** Records for the exercise follows **

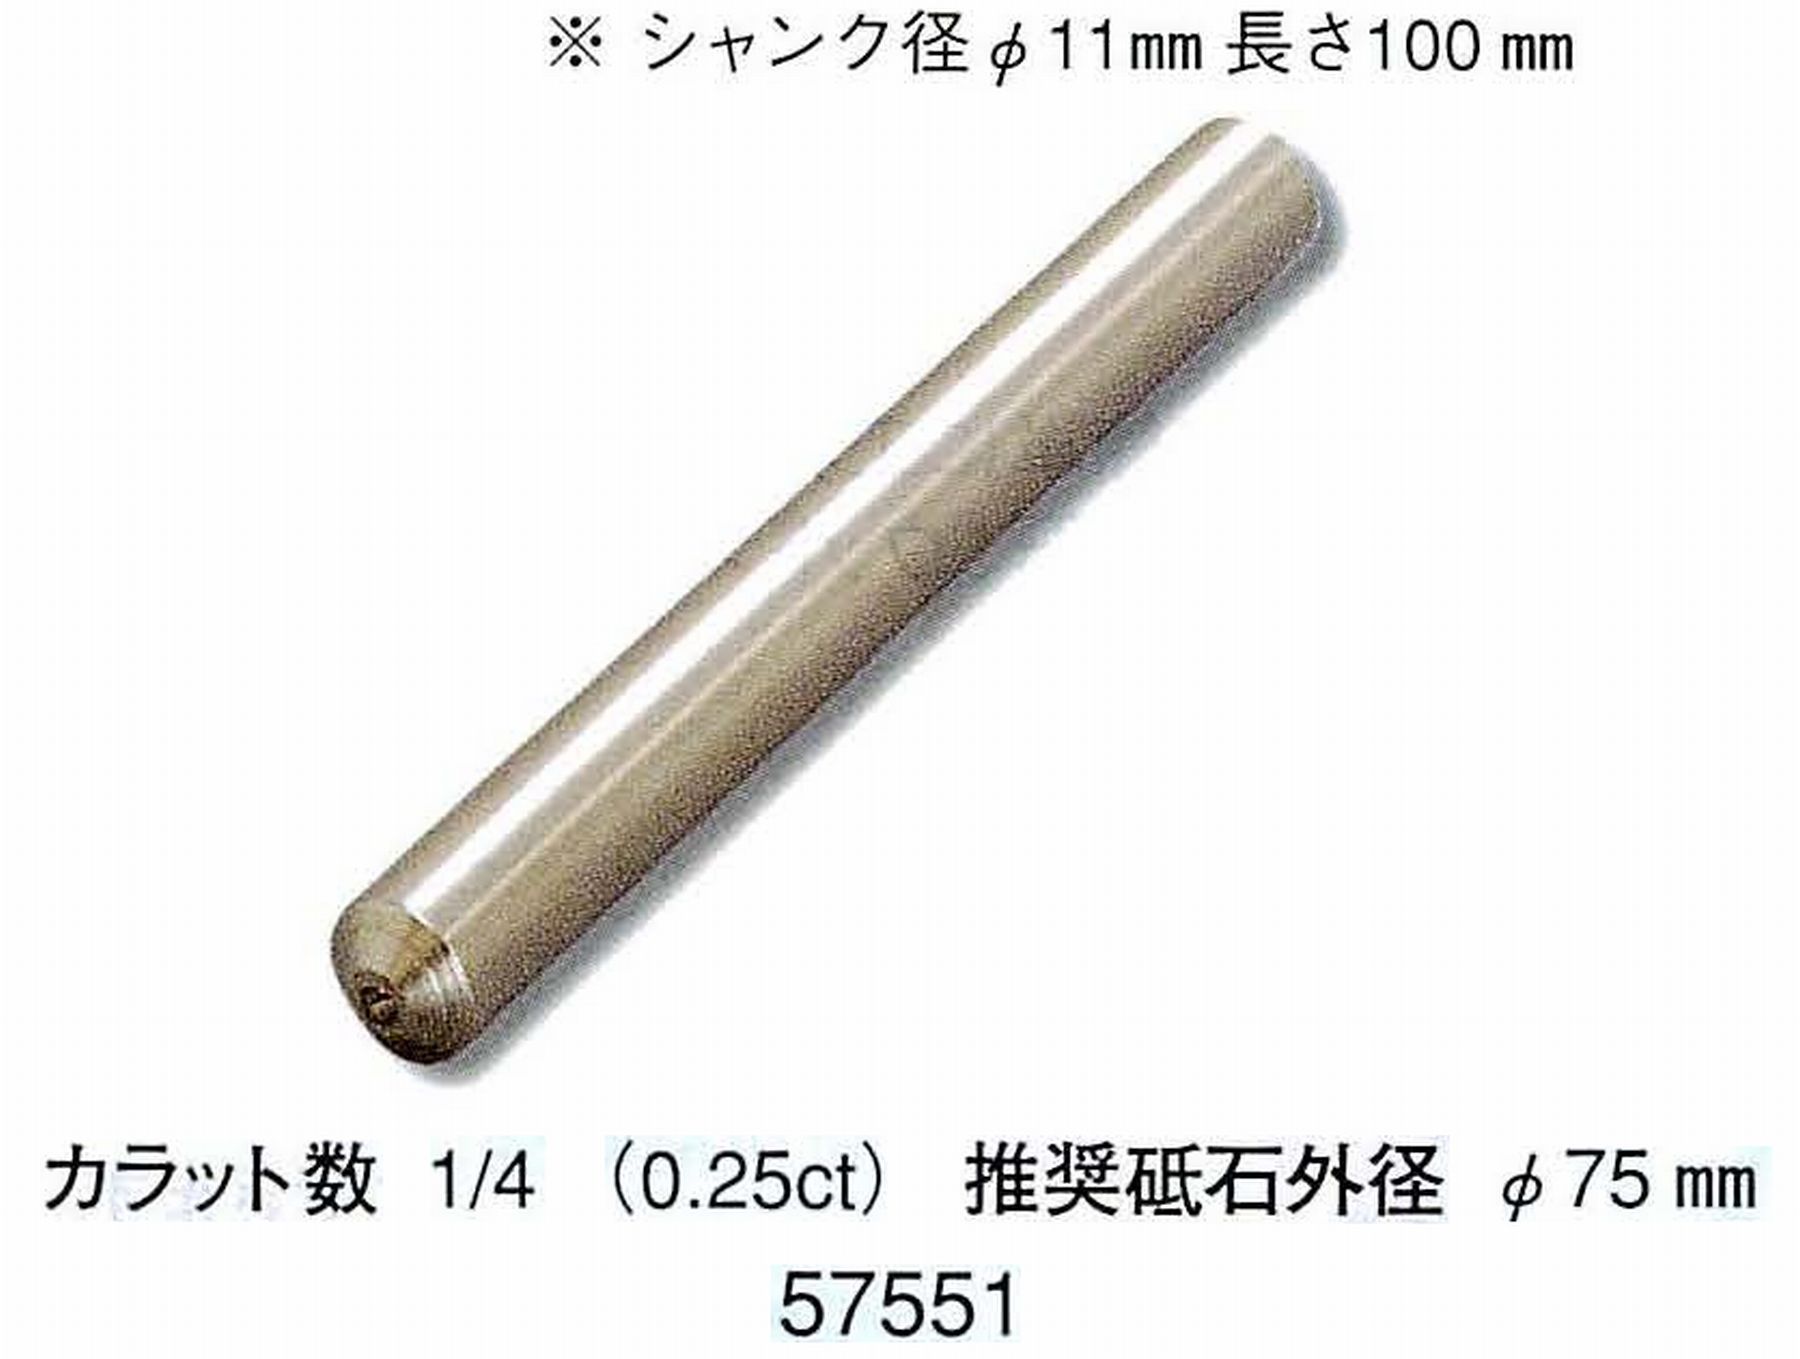 ナカニシ/NAKANISHI 天然ダイヤモンド 単石ドレッサ(シャンク径φ11mm 長さ100mm) 57551
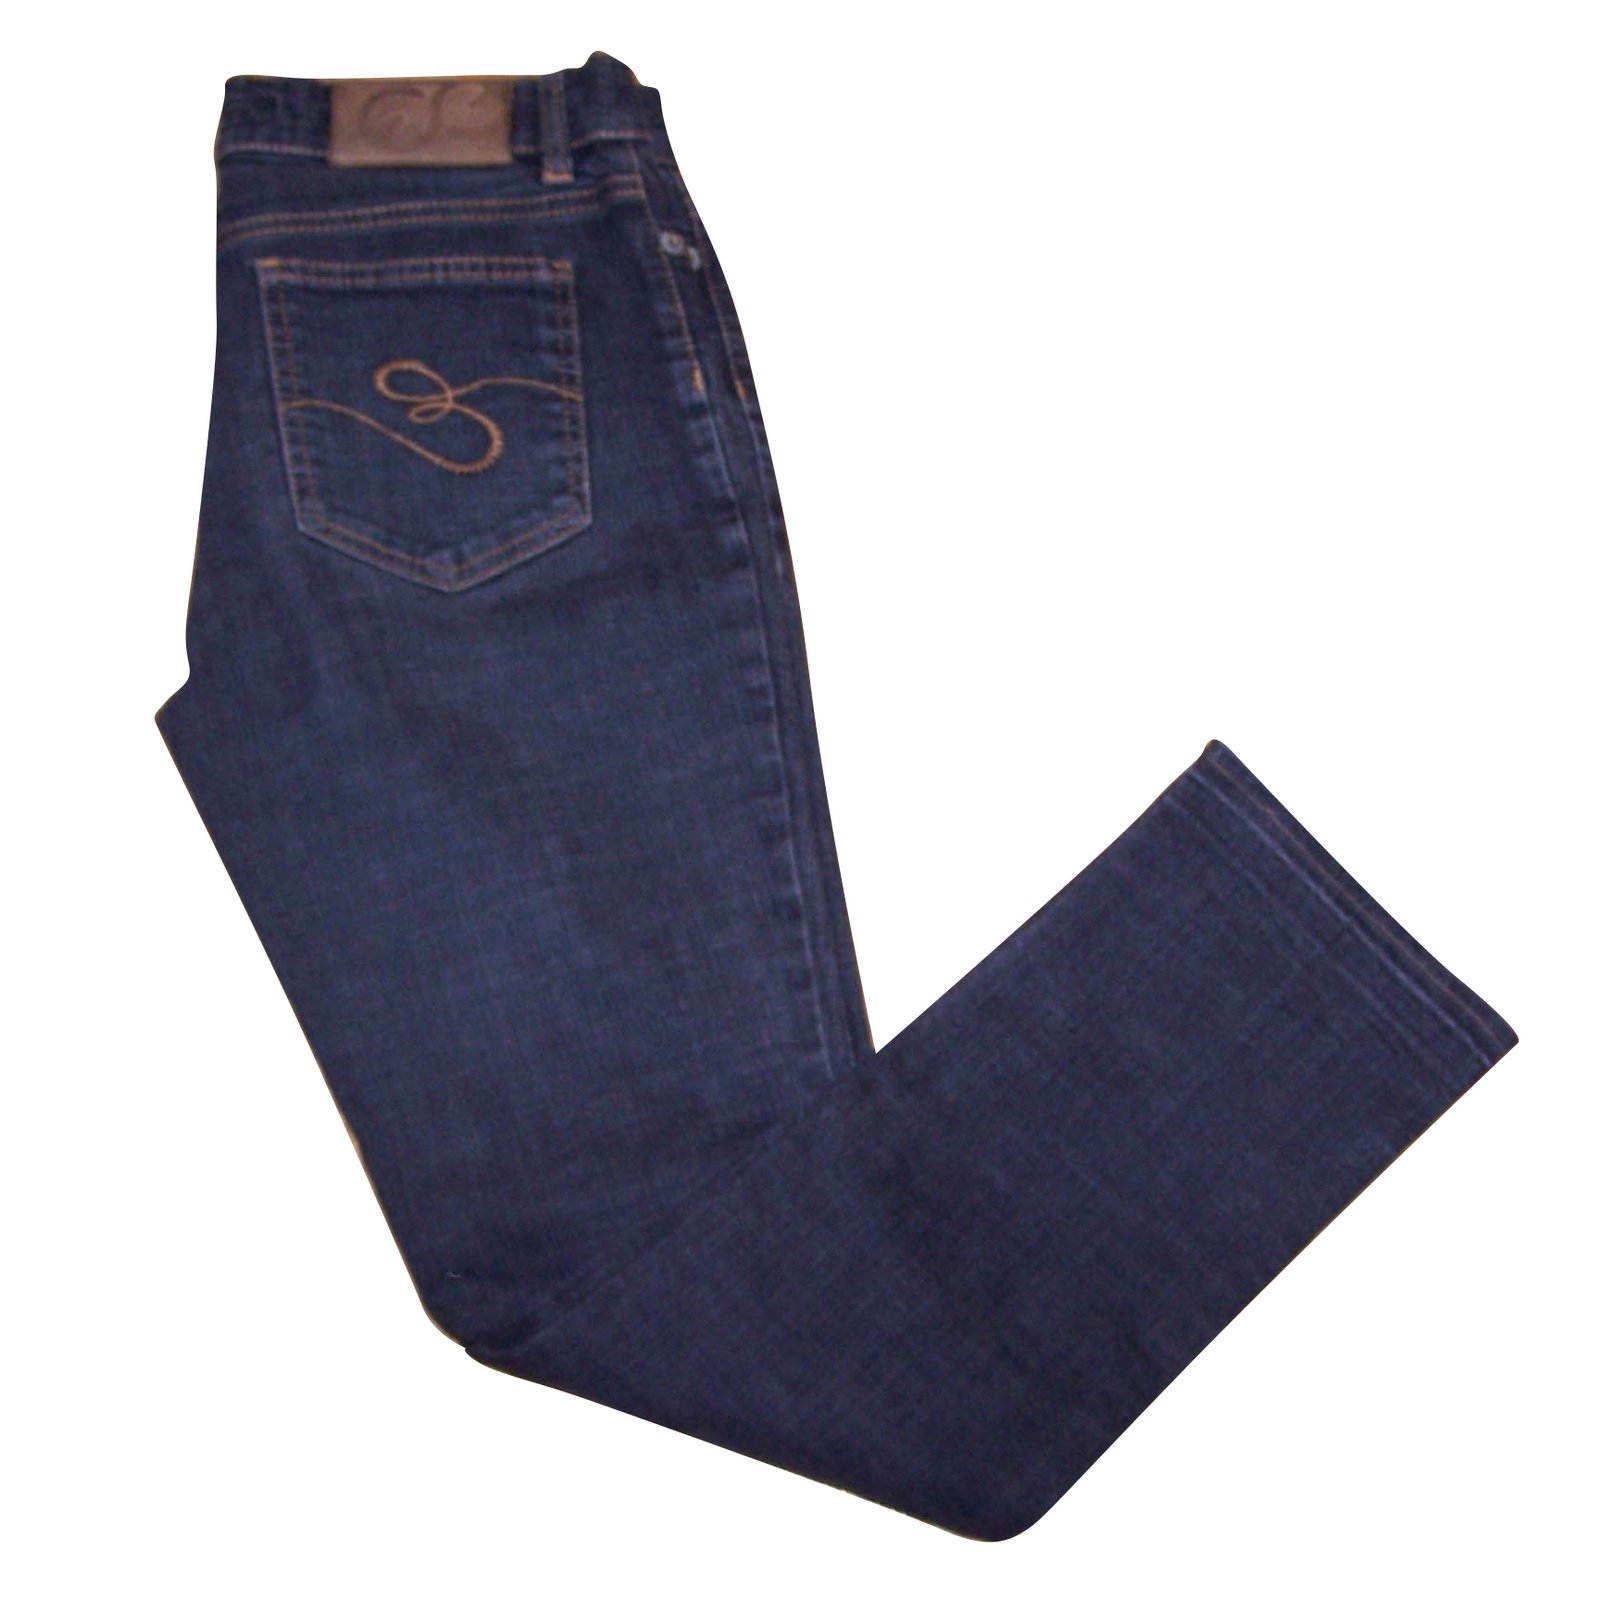 https://cdn1.jolicloset.com/imgr/full/2018/06/71409-1/escada-dark-grey-cotton-jeans.jpg
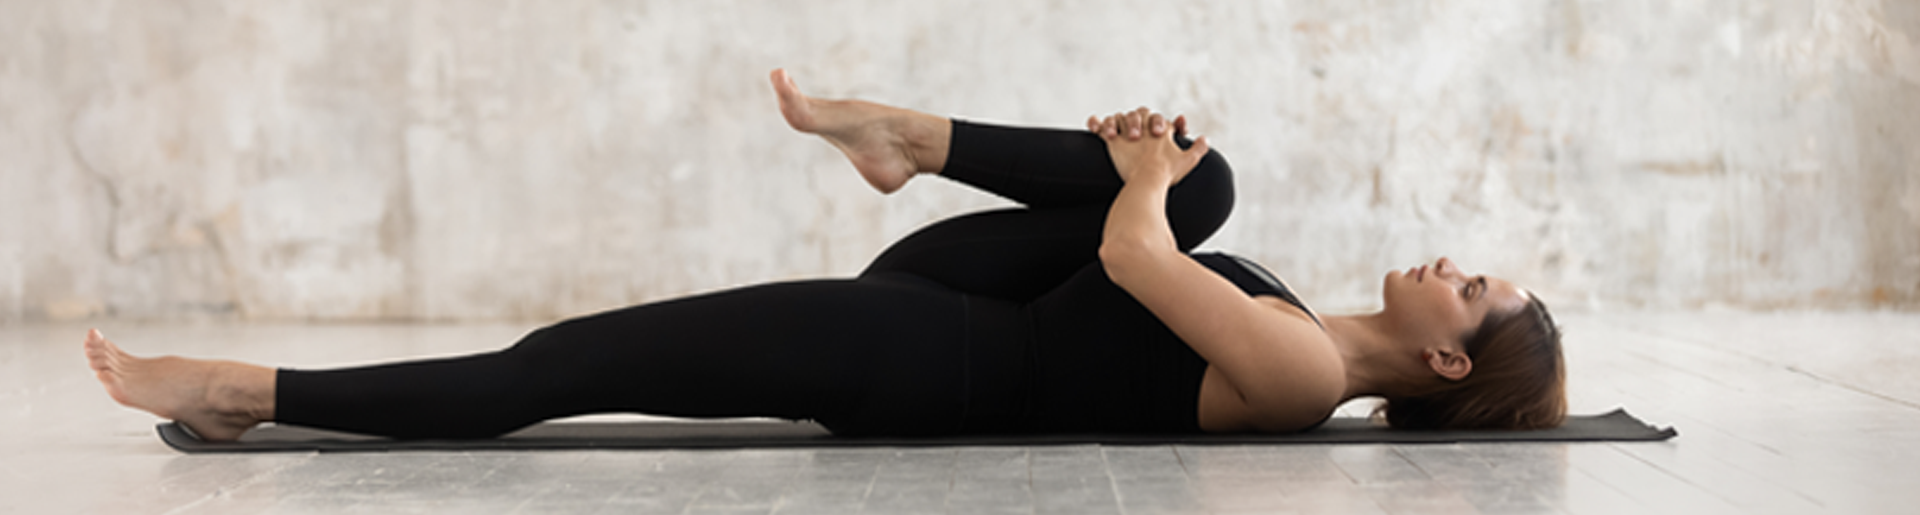 Упражнения от боли в коленях — лечебная гимнастика при болях коленных суставов, какую делать
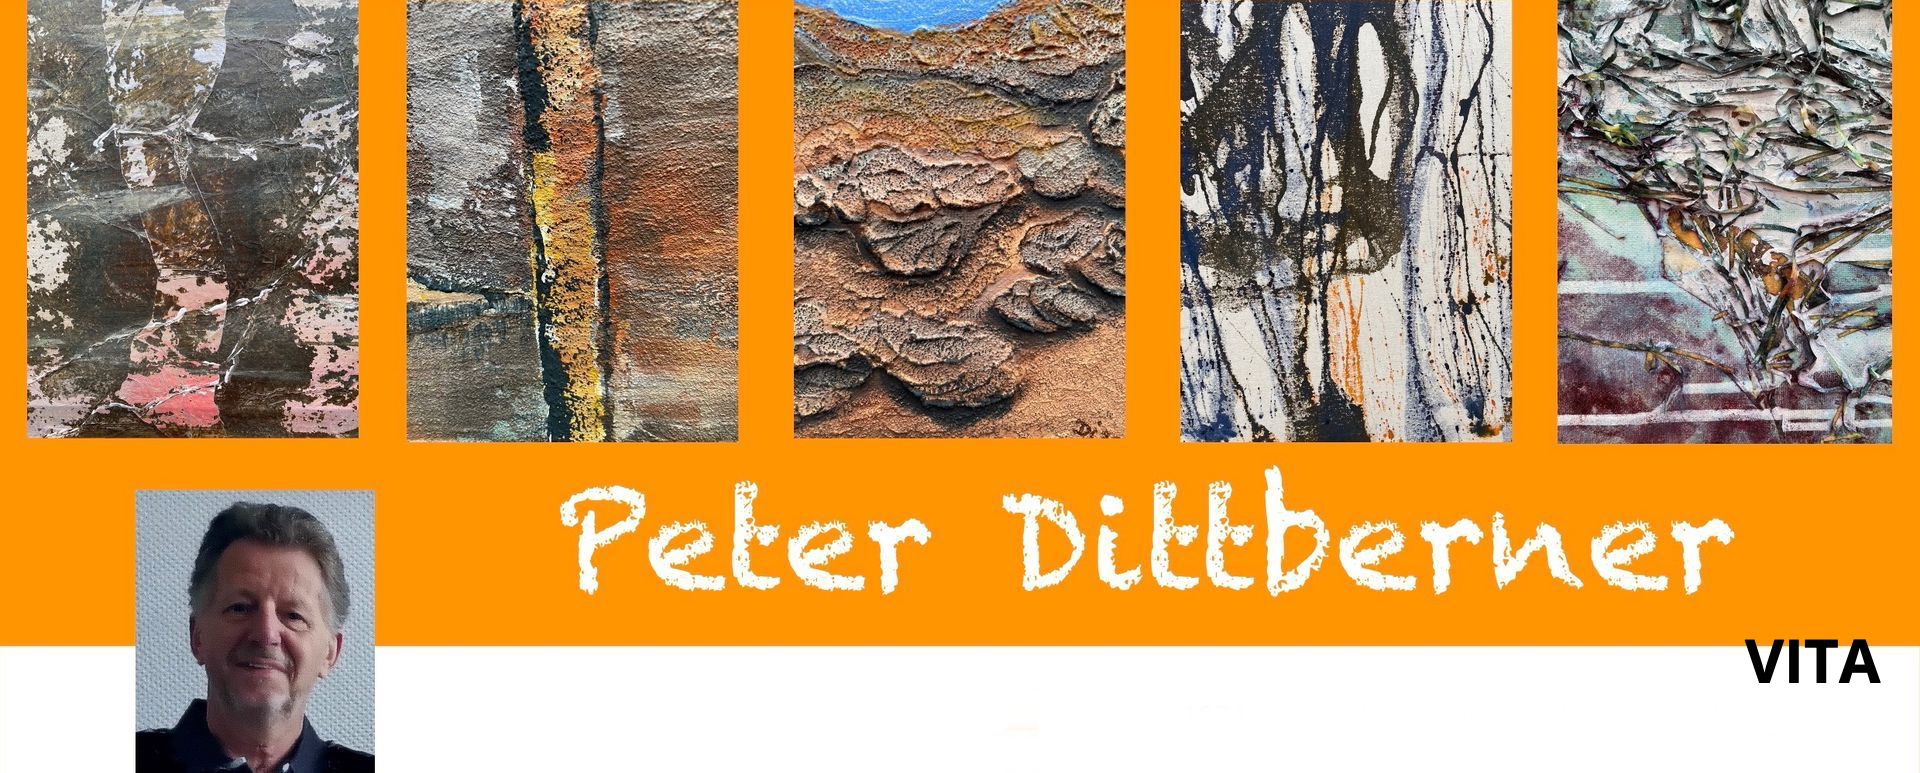 Peter Dittberner Vita
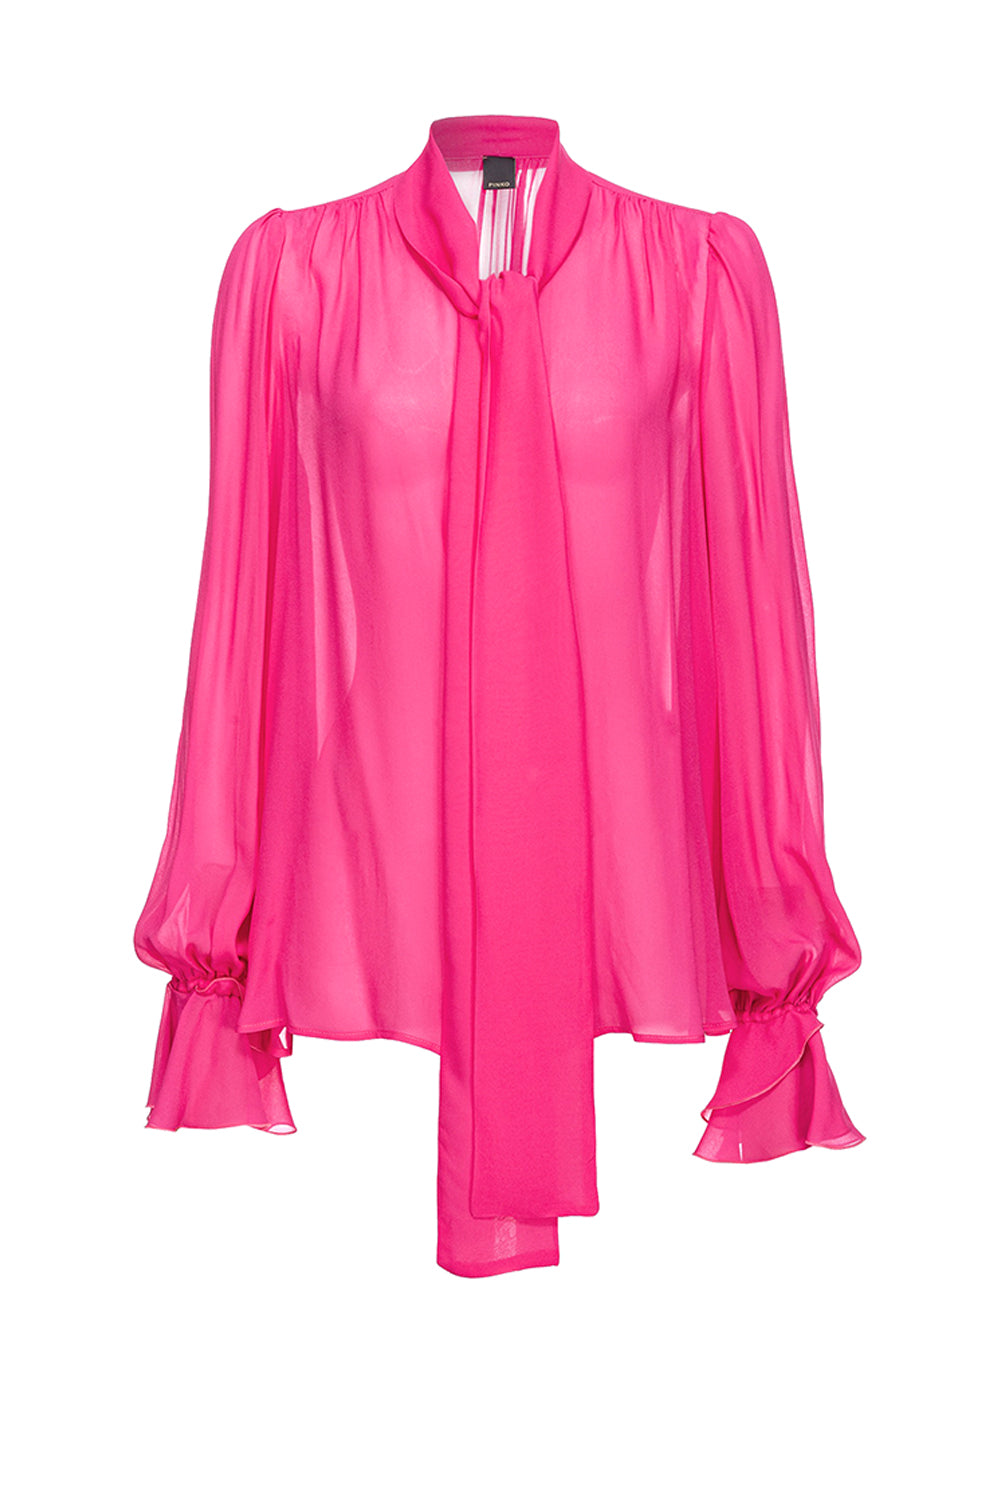  Pinko Blusa Rouches Pink Pinko Woman - 1

** End of Records for the exercise **

What the task requires: All of the listing above must be output exactly, except for its pictures.

Solution to this task:
 ナカニシ/NAKANISHI 天然ダイヤモンド 単石ドレッサ(シャンク径φ11mm 長さ100mm) 57551
 https://cdn1.jolicloset.com/imgr/full/2018/06/71409-1/escada-dark-grey-cotton-jeans.jpg
 Упражнения от боли в коленях — лечебная гимнастика при болях коленных суставов, какую делать
 Peter Dittberner Vita
  Pinko Blusa Rouches Pink Pinko Woman - 1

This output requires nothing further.